16Most often, however, such a comparison will only partially reduce the ambiguity, especially as such a fine-grained sense inventory as WN is used. Yet, other approaches (employment of human annotators, or recourse to baselines) can be applied in a second phase to solve the disambiguation task, once it has been simplified.
17The algorithm disambiguates one side of our multilingual parallel corpus at a time, having as target all texts aligned with at least one other component.5 Table 2 displays the basic statistics of each corpus and, for the sake of clarity, the number of words to be annotated (target words) before the migration to WN 3.0, as the changes in the WN structure do not set ideal conditions for a meaningful comparison with previous work.
18We use sense frequency statistics (SFS) whenever the target word is not fully disambiguated. These were calculated over all texts in the corpus except the one being annotated.
Table 2: Statistics for each text in the multilingual parallel corpus.
#texts | Tokens | Target words | After mapping | |
EN | 116 | 258,499 | 119,802 | 118,750 |
IT | 116 | 268,905 | 92,420 | 92,022 |
RO | 82 | 175,603 | 48,634 | 48,364 |
Table 3: Distribution of SI outcomes.
% | EN | IT | RO |
Disambiguated | 27.15 | 30.92 | 36.67 |
MFS-Subset | 34.39 | 26.51 | 12.89 |
MFS-Overlap | 13.59 | 26.69 | 50.45 |
No alignment | 24.14 | 12.08 | - |
No match | 0.67 | 0.65 | - |
No synset found | 0.05 | 3.14 | - |
19Algorithm: Given an ambiguous target word, each of its aligned translations in the parallel sentences contributes to the disambiguation process by bringing in all its ‘set of senses’ retrieved from the inter-linked sense inventory.

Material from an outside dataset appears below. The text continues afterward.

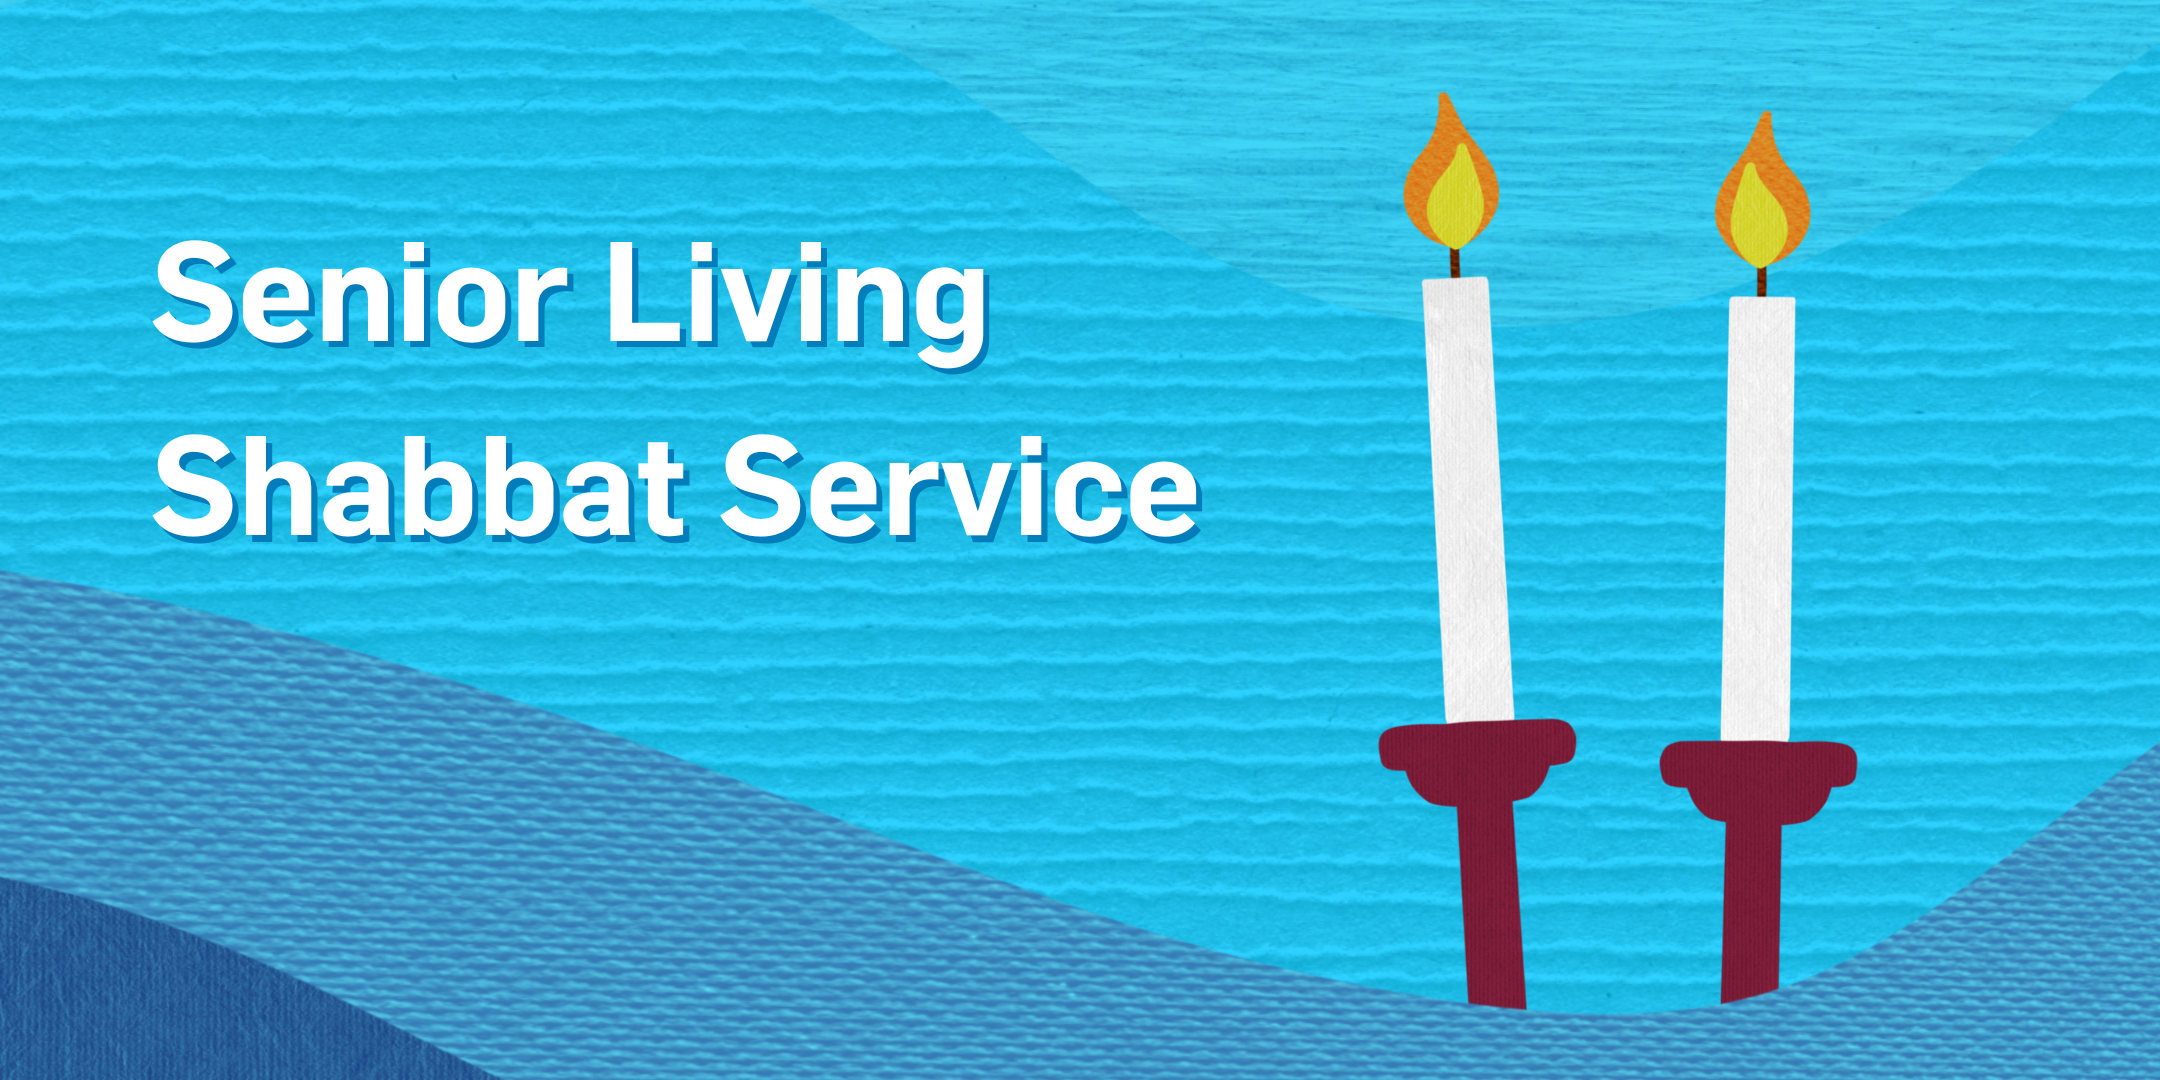 Senior Living Shabbat Service
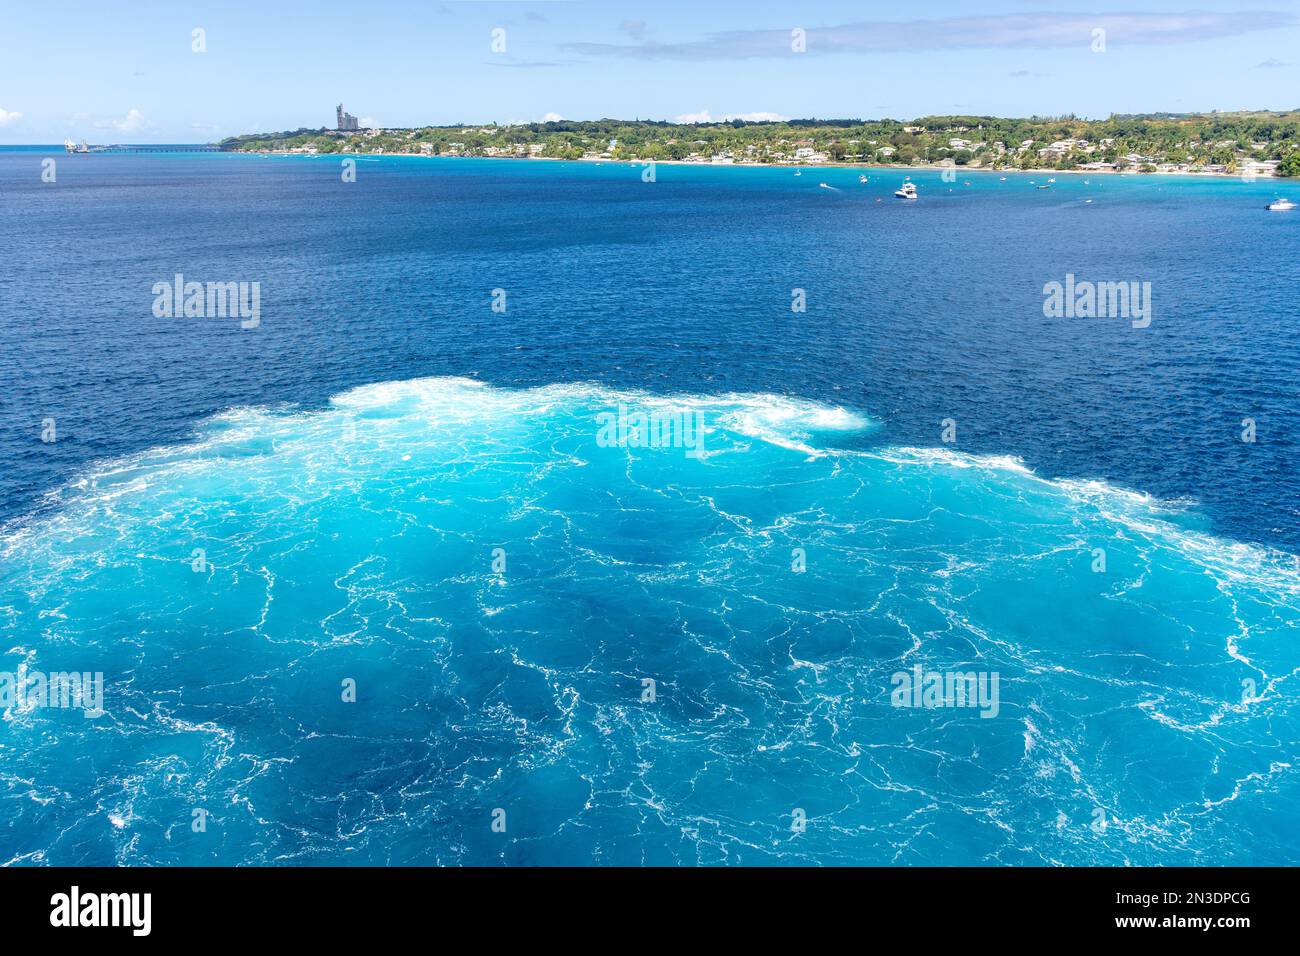 Inversion du signal de poussée du P&O Arvia Cruise Ship , Bridgetown, St Michael Parish, Barbade, Petites Antilles, Caraïbes Banque D'Images

20Intersection is then performed over each nonempty set retrieved. If the overlap only consists of one sense, then the target word is Disambiguated (see Table 3). If the overlap contains more than one sense, then it is further intersected with the set of most frequent senses available for the target lemma. If resorting to MFS statistics leads to an overlap containing one sense, the word is disambiguated (MFS-Subset); if the overlap still results in more than one sense, the most frequent one among the ones left is selected (MFS-Overlap). In the rare case in which no other language contributes to disambiguate, we assign the current target lemma its MFS. Disambiguation also fails when no match, synset or alignment is found. See also Table 3 for the distribution of all of the possible scenarios that may emerge.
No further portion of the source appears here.